The smart watch app lets users view their PayPal balance and recent transactions, receive location-based offers for nearby stores and restaurants, and pay in-store by checking in.
When users check in to a store, the merchant can see the customer on a point-of-sale terminal and charge purchases to the relevant PayPal account.
The Gear II app still relies on a connection to the user’s smartphone to work, with PayPal using the Galaxy S5 fingerprint scanner for authentication.
In 2010, PayPal processed $35 million in mobile payments in Australia. By the end of 2013, that had increased to more than $2 billion. PayPal believes that wearable computing could drive the figure even higher because it further removes friction from the transaction, says the company's head of communications in Australia, Adrian Christie.
“We’re going to see a change of form factor in the next five years, not just in how we pay but in how we consume,” he says.
“What we’re trying to do is listen to our consumers and see how they’re adapting.
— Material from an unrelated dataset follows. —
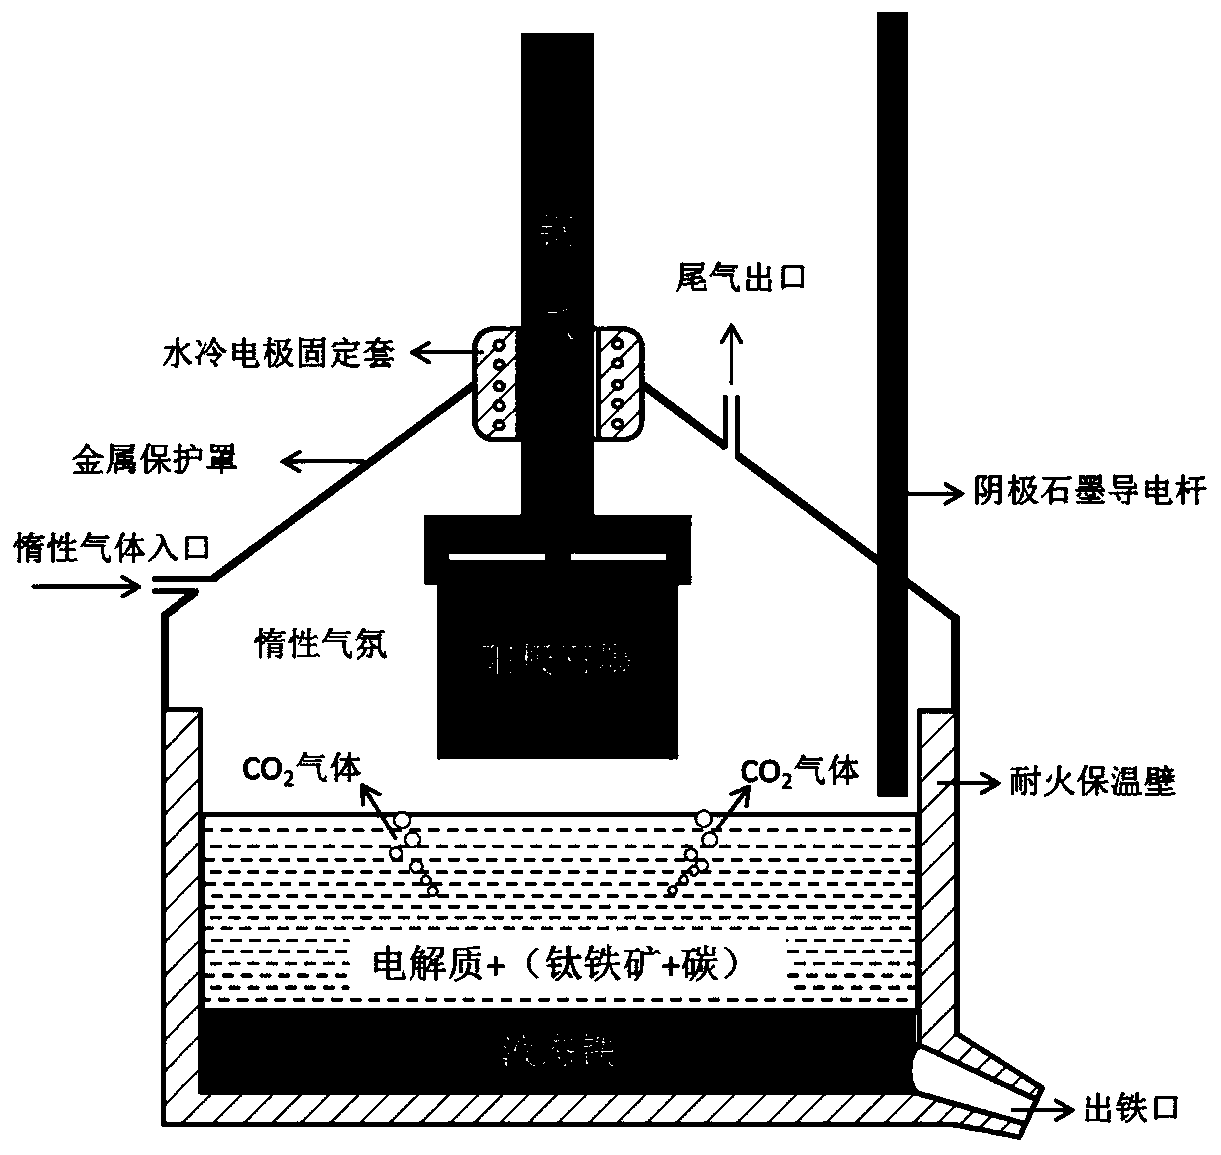 Method for preparing ilmenite by ilmenite carbothermic-electrolysis

What we think about first is not doing what’s possible through technology but actually thinking about what a consumer would like to do and what will add value to the way they interact.”
While the Samsung watch is the first wearable to receive a PayPal app, Christie says PayPal is device-agnostic and the fact that its digital wallet is in the cloud means that the company can roll out to apps to nearly any piece of hardware.
“We believe in a future where consumers will want to access their digital wallet in many different form factors,” he says. “The goal is to be where the consumers are.”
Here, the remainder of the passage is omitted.